# My First GTO



## Wajman (May 7, 2015)

I recently was able to find a GTO to replace my 67 Mustang Fastback I have worked on for 16 years. A GTO was my dream car since I was in high school but could not afford one. Someone offered me a lot of money for the Stang and I did not know I was going to sell it but it was time for a change. I now own a 66 GTO. Now the process starts again. I just ordered red lines from Coker and will mount this week. The tri-power carbs are leaking and need to be rebuilt. I am not able to tell if they are original 66 carbs or a 64/65 setup. I know the carb rebuild kits for the center are different for the two series. Any help out there? I know I am going to be going crazy with questions so please have patience with me. BTW, I ordered 225/70 14. I hope they fit.


----------



## pjw1967 (Mar 10, 2014)

Wajman said:


> I recently was able to find a GTO to replace my 67 Mustang Fastback I have worked on for 16 years. A GTO was my dream car since I was in high school but could not afford one. Someone offered me a lot of money for the Stang and I did not know I was going to sell it but it was time for a change. I now own a 66 GTO. Now the process starts again. I just ordered red lines from Coker and will mount this week. The tri-power carbs are leaking and need to be rebuilt. I am not able to tell if they are original 66 carbs or a 64/65 setup. I know the carb rebuild kits for the center are different for the two series. Any help out there? I know I am going to be going crazy with questions so please have patience with me. BTW, I ordered 225/70 14. I hope they fit.


225/70R14 = 26.4x8.9R14

235/60R15 = 26.1x9.3R15 I am running this size on my '67. So you will be 3 tenths of an inch larger in dia and 4 tenths of an inch narrower. So no prob there. Good luck with the rest of it.


----------



## PontiacJim (Dec 29, 2012)

Yeah! another GTO guy. Your center carb has idle screws/idle circuits & choke, while your outboard carbs do not. If the center carb has the same size dia bores at the base as the outside carbs, its a 1966 set-up. If the center carb is smaller, it is the earlier set-up.


----------



## BearGFR (Aug 25, 2008)

Welcome! Now, how about some photos?

Bear


----------



## Wajman (May 7, 2015)

First, thank you for the tire info. I was hoping I would not have to send them back. If I mounted one for testing I would own it if it was wrong. On the carbs, PontiacJim, I posted some pictures tonight on the gallery and one is the carb setup. They are leaking and I will need to rebuild them. Ames has a rebuild kit for all three but I need to make sure it is a 1966 MT setup not 64/65. Thanks for the help. When I get this done, I have been accepted to the Motor Muster show at Greenfield, MI for Father's day. Do you know where I can get a bra. This will be a 700 mile RT and the bugs will be terrible.


----------



## PontiacJim (Dec 29, 2012)

Wajman said:


> First, thank you for the tire info. I was hoping I would not have to send them back. If I mounted one for testing I would own it if it was wrong. On the carbs, PontiacJim, I posted some pictures tonight on the gallery and one is the carb setup. They are leaking and I will need to rebuild them. Ames has a rebuild kit for all three but I need to make sure it is a 1966 MT setup not 64/65. Thanks for the help. When I get this done, I have been accepted to the Motor Muster show at Greenfield, MI for Father's day. Do you know where I can get a bra. This will be a 700 mile RT and the bugs will be terrible.
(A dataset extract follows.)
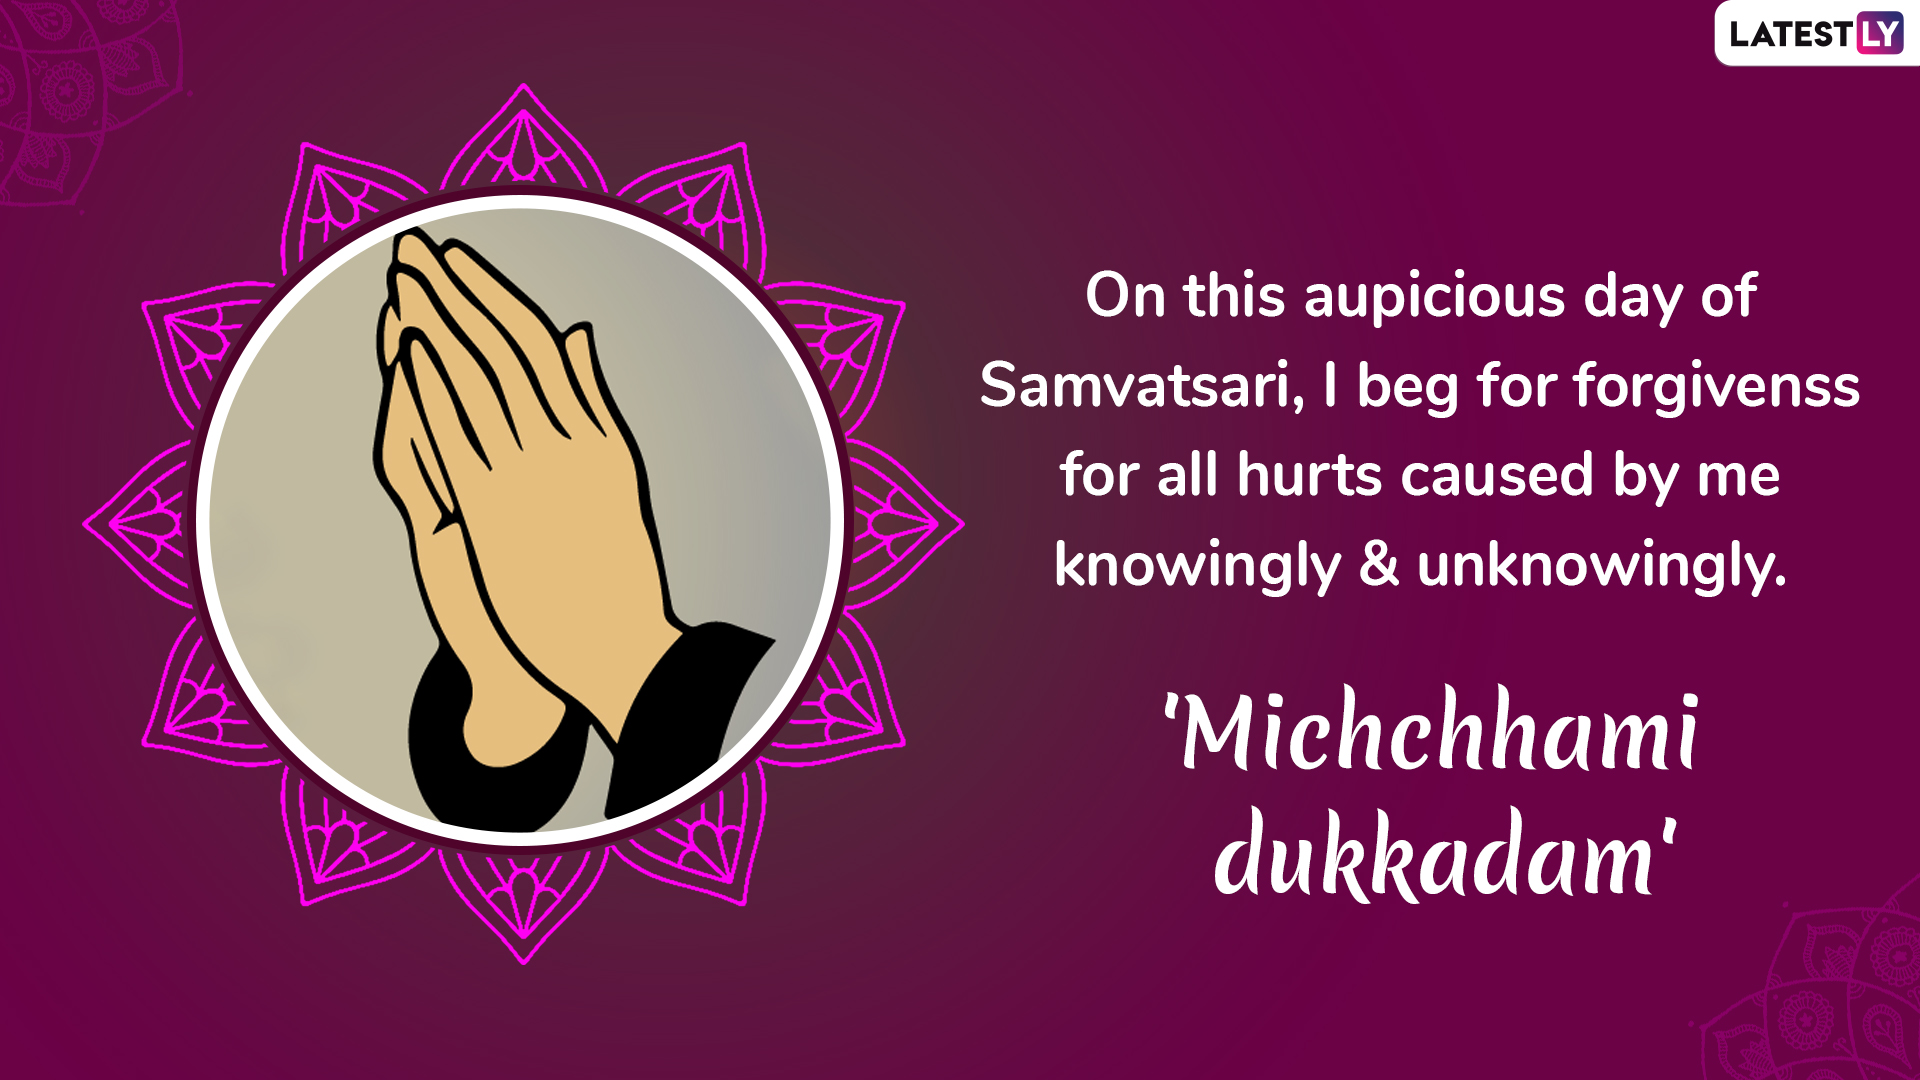 Samvatsari 2020 Quotes: Michhami Dukkadam WhatsApp Messages, Facebook  Status, Greetings And GIF Images to Seek Forgiveness This Paryushana | 🙏🏻  LatestLY
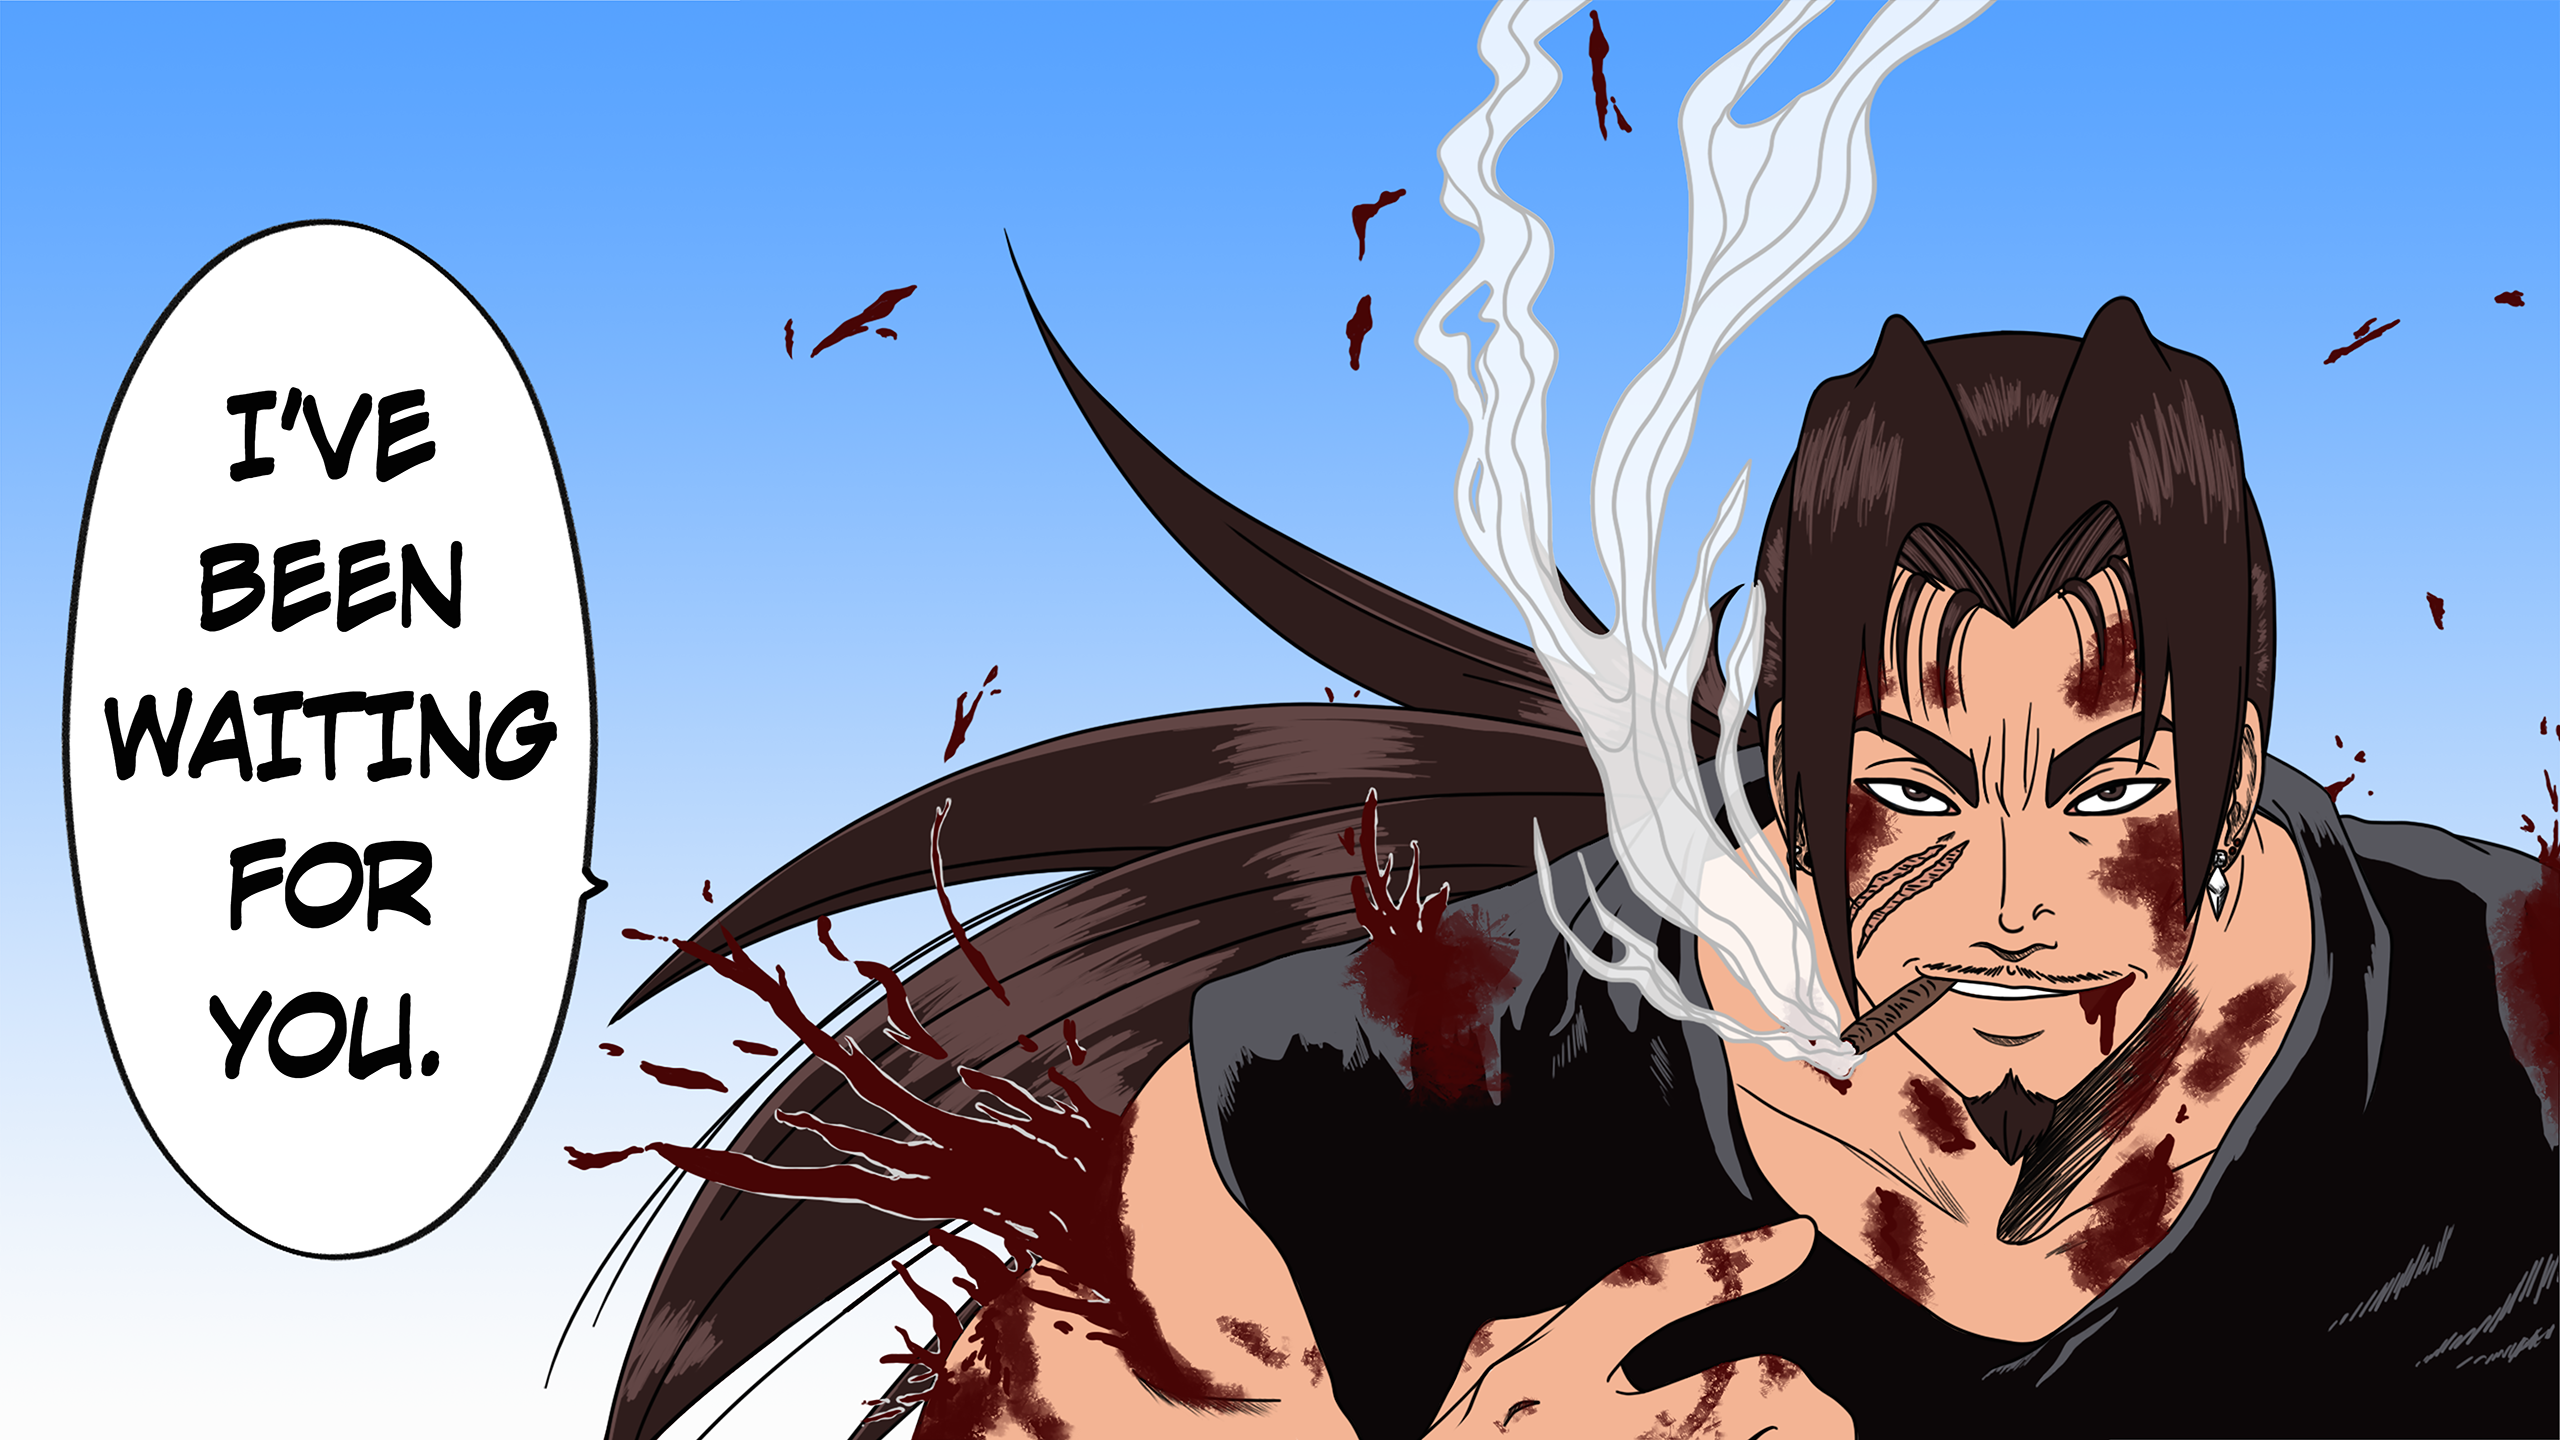 Alan - Manga Redraw (colored panel version)

Here is what I show for intake casting numbers that may help ID the year. 1964-#9775088; 1965-#9778818, 1966-#9782898.

Don't know of a bra for your car. Just use a lot of wax before you go and hit a car wash near your destination.:yesnod:


----------



## SANDU002 (Oct 13, 2004)

If you are driving the car, just clean the bugs off every time you stop. If you trailing it, consider borrowing/renting an enclosed one.


----------



## Wajman (May 7, 2015)

Thank you for the numbers of the intake. It is hard to read the first number but the 7828 afterward would make it the original series for the 1966. The think the most complete rebuild kit for all three is sold by Ames. Not knowing anything about GTO rebuilding I think I will go with this kit. Thanks again.


----------



## grnrch (Aug 3, 2014)

*Tri Power*

Go To Tri Power .com Mike is in Brimfield Illinois West of Peoria, he has been restoring them for years and he knows his stuff.


----------



## geeteeohguy (Feb 2, 2008)

Welcome to the forum. Your tires will work fine. Been running that size since the late 1980's. Perfect size for a '66. Tripowers are much more reliable and simple than most people think. Only the middle carb has idle mixture and choke. THe outer carbs just dump fuel. New kits, and fuel pressure no higher than about 5 or 6psi will get them up and running. Don't buy into the loose throttle shaft hype...I've never re-bushed any of mine and they work just fine. Just a basic rebuild should get r' done.


----------



## Wajman (May 7, 2015)

geeteeohguy said:


> Welcome to the forum. Your tires will work fine. Been running that size since the late 1980's. Perfect size for a '66. Tripowers are much more reliable and simple than most people think. Only the middle carb has idle mixture and choke. THe outer carbs just dump fuel. New kits, and fuel pressure no higher than about 5 or 6psi will get them up and running. Don't buy into the loose throttle shaft hype...I've never re-bushed any of mine and they work just fine. Just a basic rebuild should get r' done.


Thank you geeteeoguy for the information. The tires worked great. I rebuilt the center carb to get to Dearborn for the Motor Muster show at the Ford museum. The accelerator rubber was mush. The rebuild the night before worked and got 12 mpg running at 3700 RPM. 3.90 is tough on long trips. Now for the electrical system. I guess I should start another thread since I already had a few responses telling me to. Thanks again.


----------



## Docjim (May 8, 2015)

I would love to see some photos of your car. Nothing sounds like a Pontiac


----------



## geeteeohguy (Feb 2, 2008)

Wajman, excellent. These carbs aren't rocket science like some are lead to believe, and you got it done. 3700 rpm? Yikes. Now you know why I slipped a 2.56 under my '67 ragtop......3000 rpm=91mph!!! (and 20-21mpg @75-80mph)!


----------